Wednesday, January 4, 2012

Counting the Cost.

I apologize for going MIA on you there for awhile. I've been spending some much needed time with my family since last Wednesday in Indiana. Normally I would say that the phrase 'parting is such sweet sorrow' is just silly. Parting certainly never feels sweet when it's from the ones that you love. But I think I understand it more now. Yes, it was certainly hard to say goodbye to those that I love as I begin this new journey west into a life that is pretty unknown. There were many tears shed. But I am beginning to see the sweet part as I am back home and packing my bags. I get to walk into a whole new part of my life. I get to experience new things in a new place in a new season.
And yet I now understand why Jesus talked about counting the costs of being a disciple. While I don't think I'll never see my family again, I recognize that if God asked me to go to the ends of the earth I would go. I have counted the cost, and I have weighed everything I know as 'normal' in life, and I would trade them all if I was asked. And while that has the potential to bring great sorrow and discomfort in my life I see now that the sweetness of following Christ into whatever He asks is much greater. If I have Christ, I have everything. 
So yes, I am walking into a new part of my life. And true, I don't have all of the funding I would like, or all of the details worked out the way I usually do. But I do have Christ, and I do have what I need and that is enough. I am not leaving this season just to leave. I'm not going just to go. But I am stepping into my next phase of life. I always want and long to follow wherever He's going. And as soon as something other than Him is stopping me, I pray that I will honestly be able to stop and honestly assess what's going on, and count the costs once more. Because I know He will always be worth it. 


He's SO worth it. 
I pray that He's so worth it for you too.

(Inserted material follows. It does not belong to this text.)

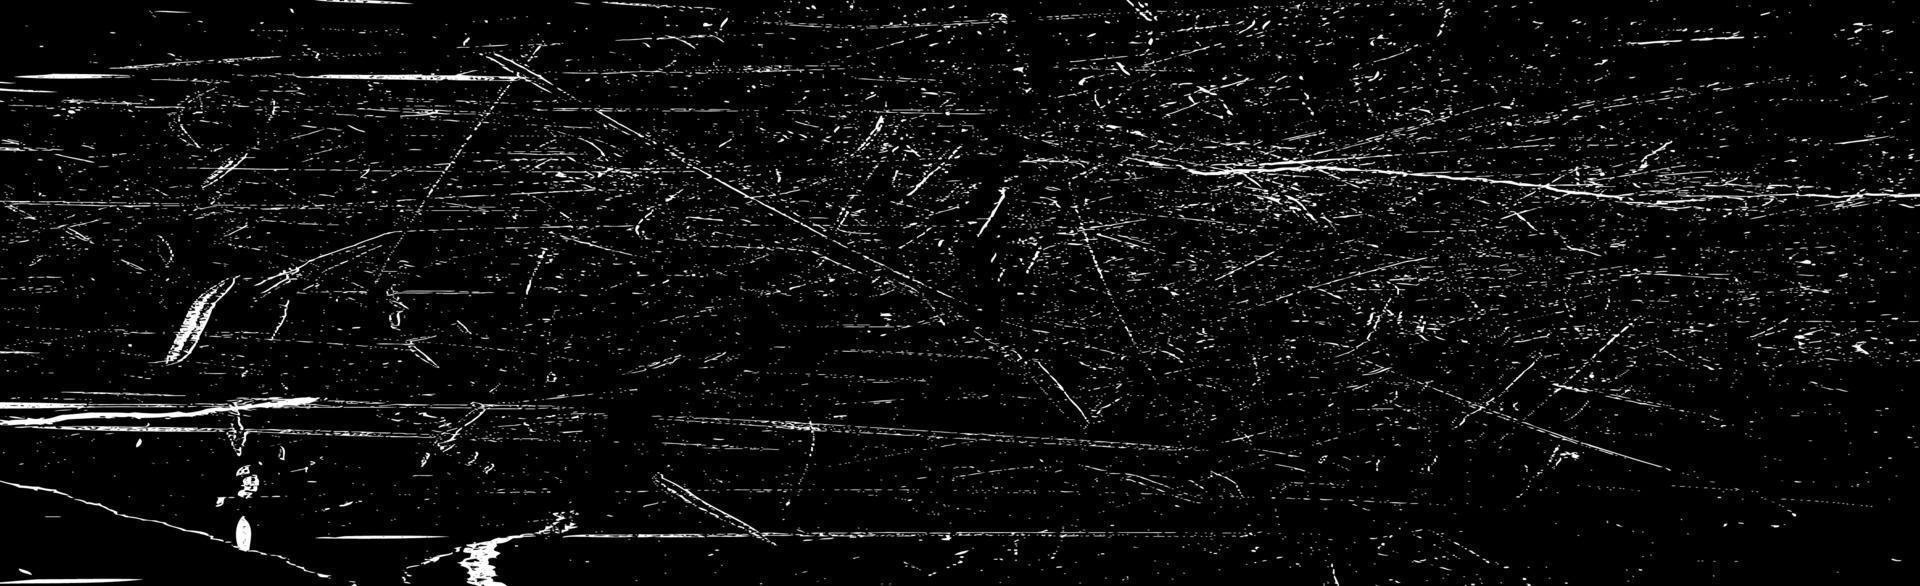 en hel del vita stänk på en svart panoramabakgrund - vektor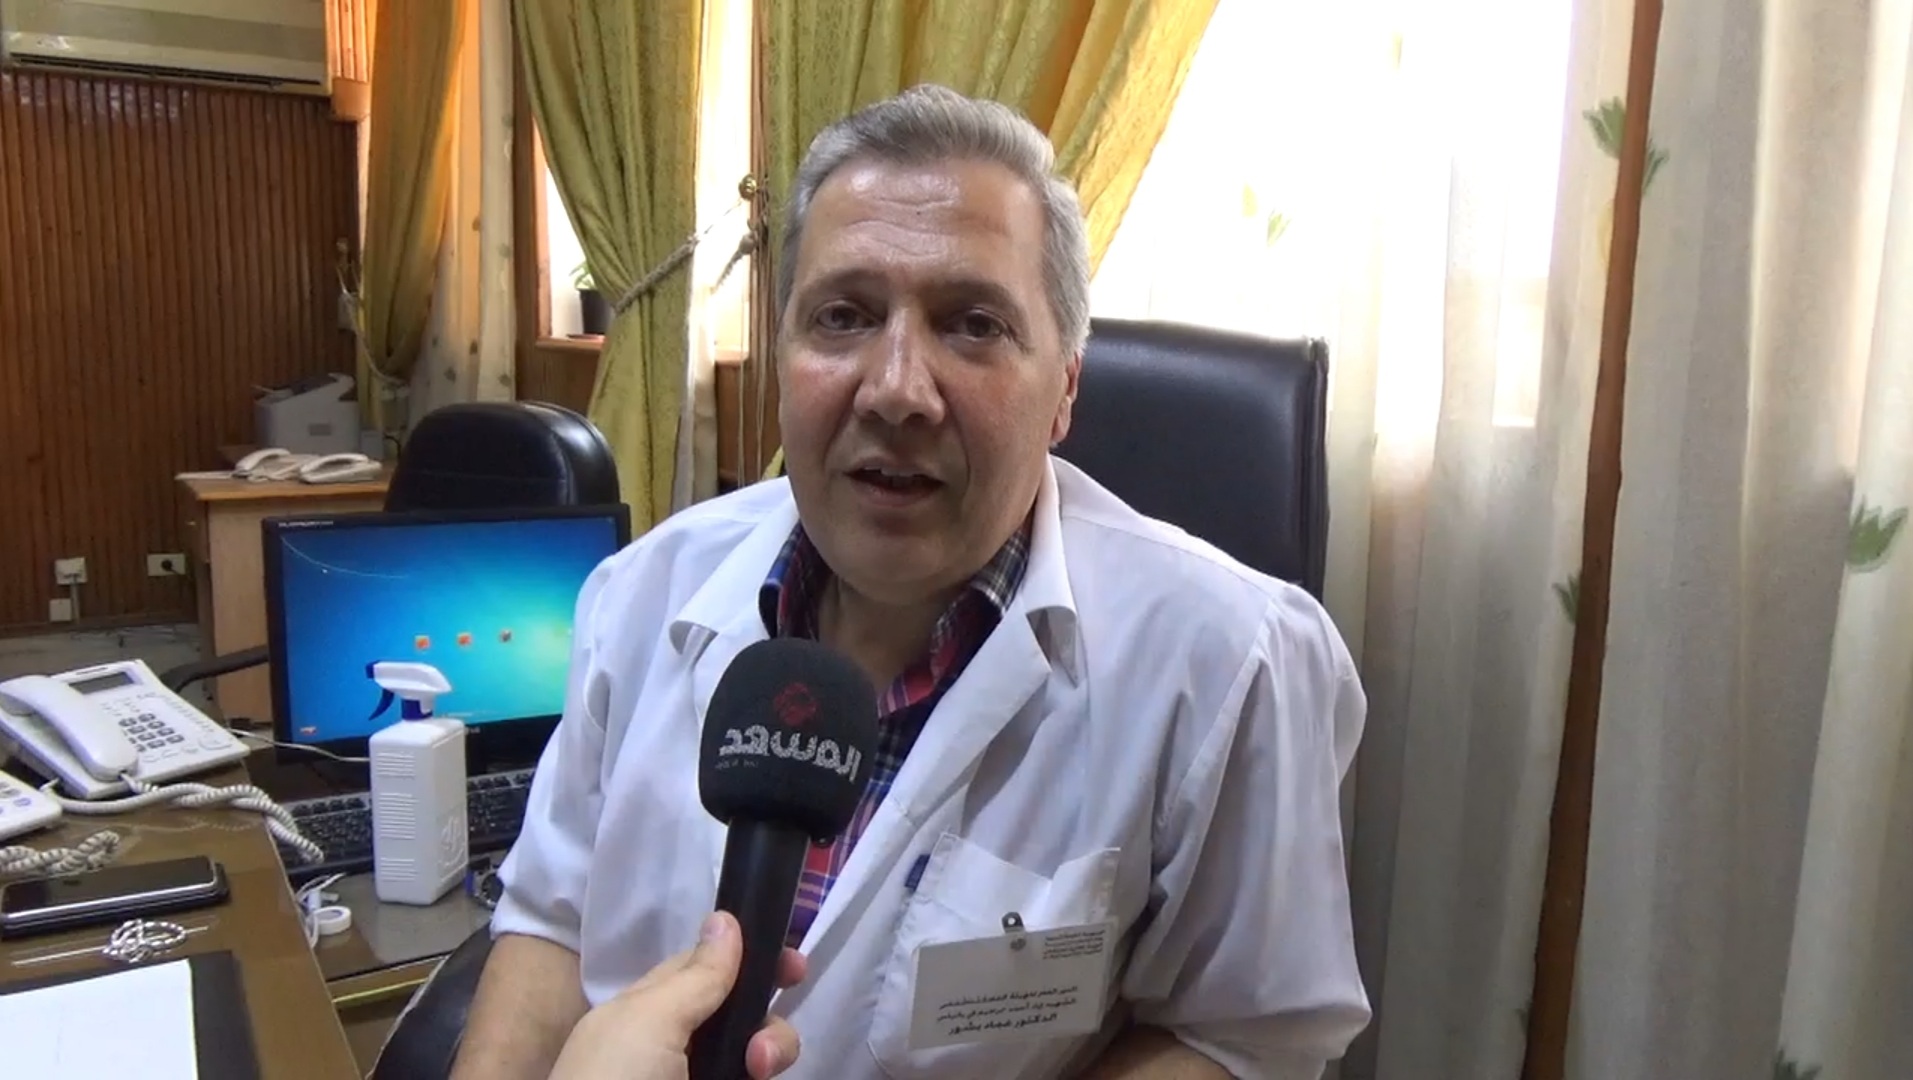 مدير مستشفى بانياس لـ"المشهد" : مستشفى مُصغّر بالخدمة وقاعة ترفيهية للأطفال قيد التجهيز (فيديو)

For prayer purposes! I leave THIS SATURDAY! I cannot believe that it's already here. It just doesn't seem realistic. I'm slowly coming to terms with it. Continue to check in as I'll be updating from the road...pictures and such. Please continue to pray for connections as I get to Redding, along the road, etc. Also for finances to continue to fall into place not only in my life but the ministries! :) Love you all.